Let \(\underline{x}\) denote a random sample of \(n\) observations from
some distribution with mean \(\mu\) and standard deviation \(\sigma\).
Product Moment Coefficient of Kurtosis
(method="moment"
or method="fisher"
)
The coefficient of kurtosis of a distribution is the fourth
standardized moment about the mean:
$$\eta_4 = \beta_2 = \frac{\mu_4}{\sigma^4} \;\;\;\;\;\; (1)$$
where
$$\eta_r = E[(\frac{X-\mu}{\sigma})^r] = \frac{1}{\sigma^r} E[(X-\mu)^r] = \frac{\mu_r}{\sigma^r} \;\;\;\;\;\; (2)$$
and
$$\mu_r = E[(X-\mu)^r] \;\;\;\;\;\; (3)$$
denotes the \(r\)'th moment about the mean (central moment).
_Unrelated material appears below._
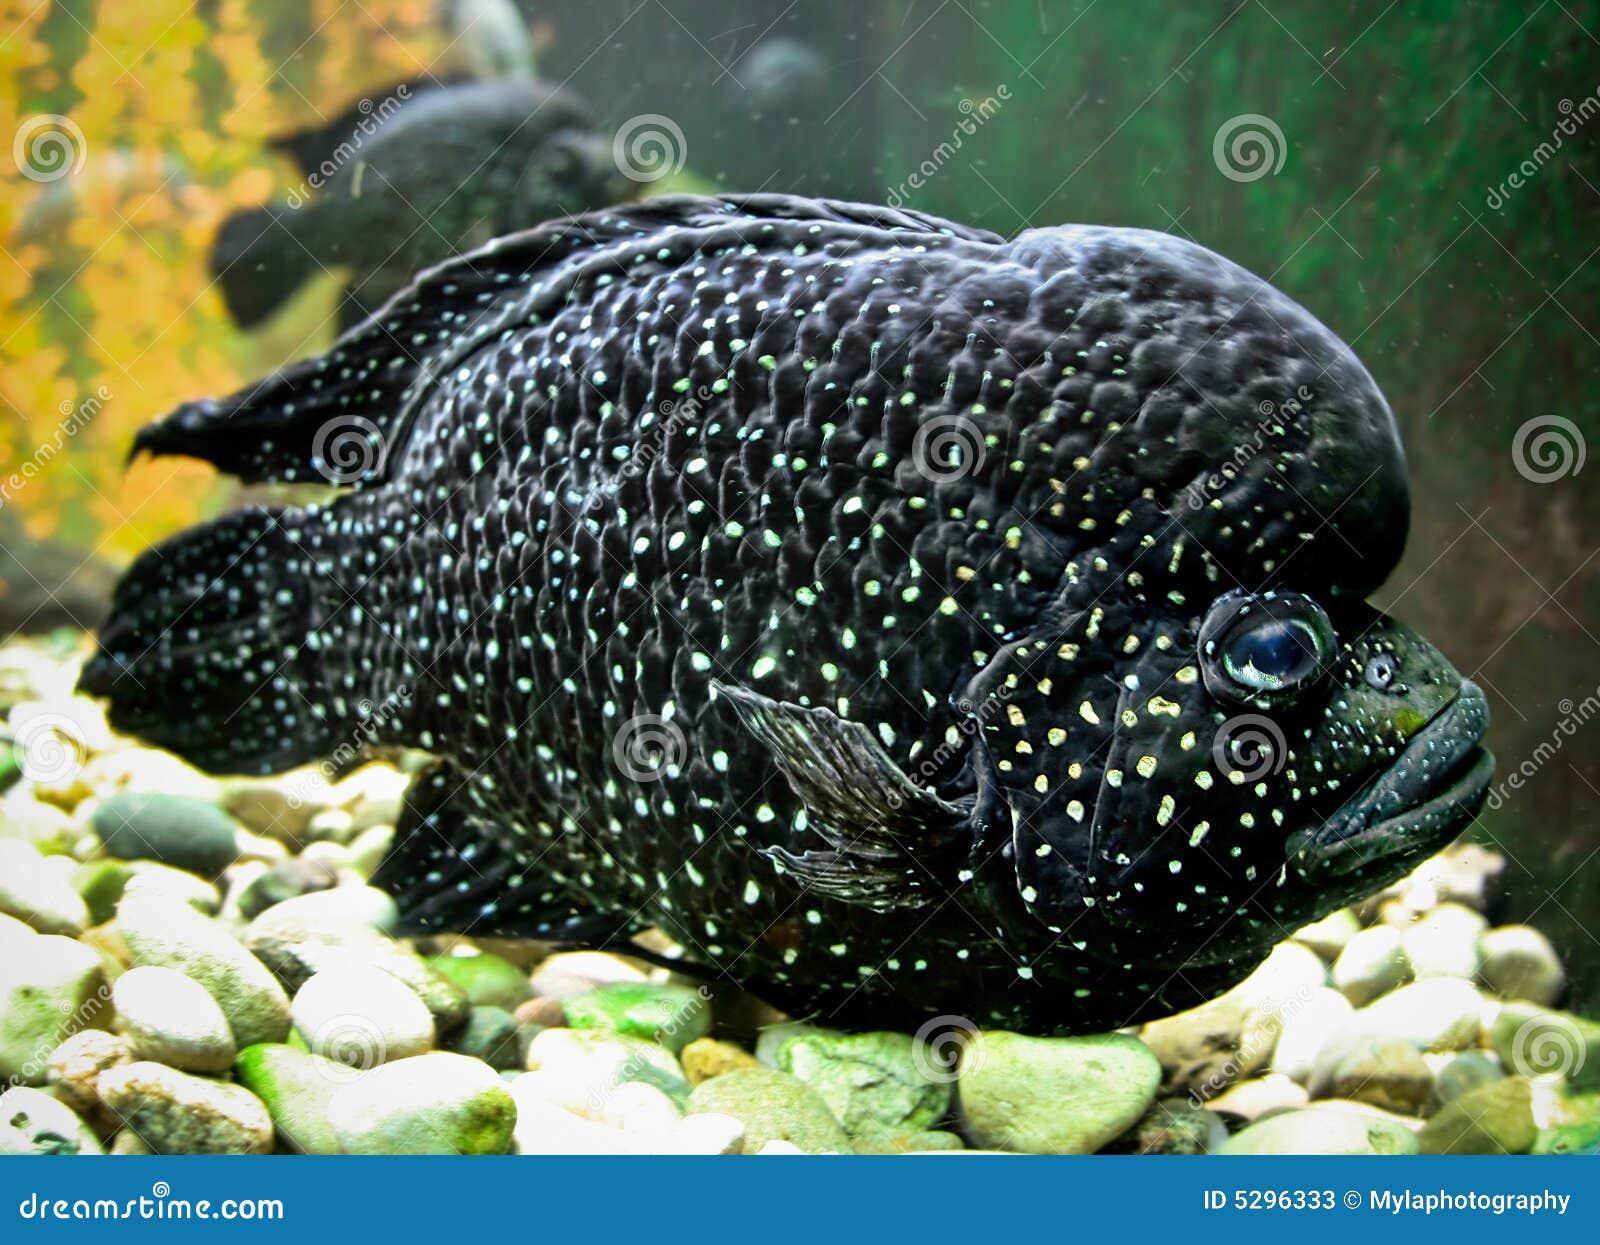 giant black fish stock photos   image 5296333

The coefficient of excess kurtosis is defined as:
$$\beta_2 - 3 \;\;\;\;\;\; (4)$$
For a normal distribution, the coefficient of kurtosis is 3 and the coefficient of
excess kurtosis is 0. Distributions with kurtosis less than 3 (excess kurtosis
less than 0) are called platykurtic: they have shorter tails than
a normal distribution. Distributions with kurtosis greater than 3
(excess kurtosis greater than 0) are called leptokurtic: they have
heavier tails than a normal distribution.
When method="moment"
, the coefficient of kurtosis is estimated using the
method of moments estimator for the fourth central moment and and the method of
moments estimator for the variance:
$$\hat{\eta}_4 = \frac{\hat{\mu}_4}{\sigma^4} = \frac{\frac{1}{n} \sum_{i=1}^n (x_i - \bar{x})^4}{[\frac{1}{n} \sum_{i=1}^n (x_i - \bar{x})^2]^2} \;\;\;\;\; (5)$$
where
$$\hat{\sigma}^2_m = s^2_m = \frac{1}{n} \sum_{i=1}^n (x_i - \bar{x})^2 \;\;\;\;\;\; (6)$$
This form of estimation should be used when resampling (bootstrap or jackknife).
When method="fisher"
, the coefficient of kurtosis is estimated using the
unbiased estimator for the fourth central moment (Serfling, 1980, p.73) and the
unbiased estimator for the variance.
$$\hat{\sigma}^2 = s^2 = \frac{1}{n-1} \sum_{i=1}^n (x_i - \bar{x})^2 \;\;\;\;\;\; (7)$$
L-Moment Coefficient of Kurtosis (method="l.moments"
)
Hosking (1990) defines the \(L\)-moment analog of the coefficient of kurtosis as:
$$\tau_4 = \frac{\lambda_4}{\lambda_2} \;\;\;\;\;\; (8)$$
that is, the fourth \(L\)-moment divided by the second \(L\)-moment. He shows
that this quantity lies in the interval (-1, 1).
When l.moment.method="unbiased"
, the \(L\)-kurtosis is estimated by:
$$t_4 = \frac{l_4}{l_2} \;\;\;\;\;\; (9)$$
that is, the unbiased estimator of the fourth \(L\)-moment divided by the
unbiased estimator of the second \(L\)-moment.
When l.moment.method="plotting.position"
, the \(L\)-kurtosis is estimated by:
$$\tilde{\tau}_4 = \frac{\tilde{\lambda}_4}{\tilde{\lambda}_2} \;\;\;\;\;\; (10)$$
that is, the plotting-position estimator of the fourth \(L\)-moment divided by the
plotting-position estimator of the second \(L\)-moment.
See the help file for lMoment
for more information on
estimating \(L\)-moments.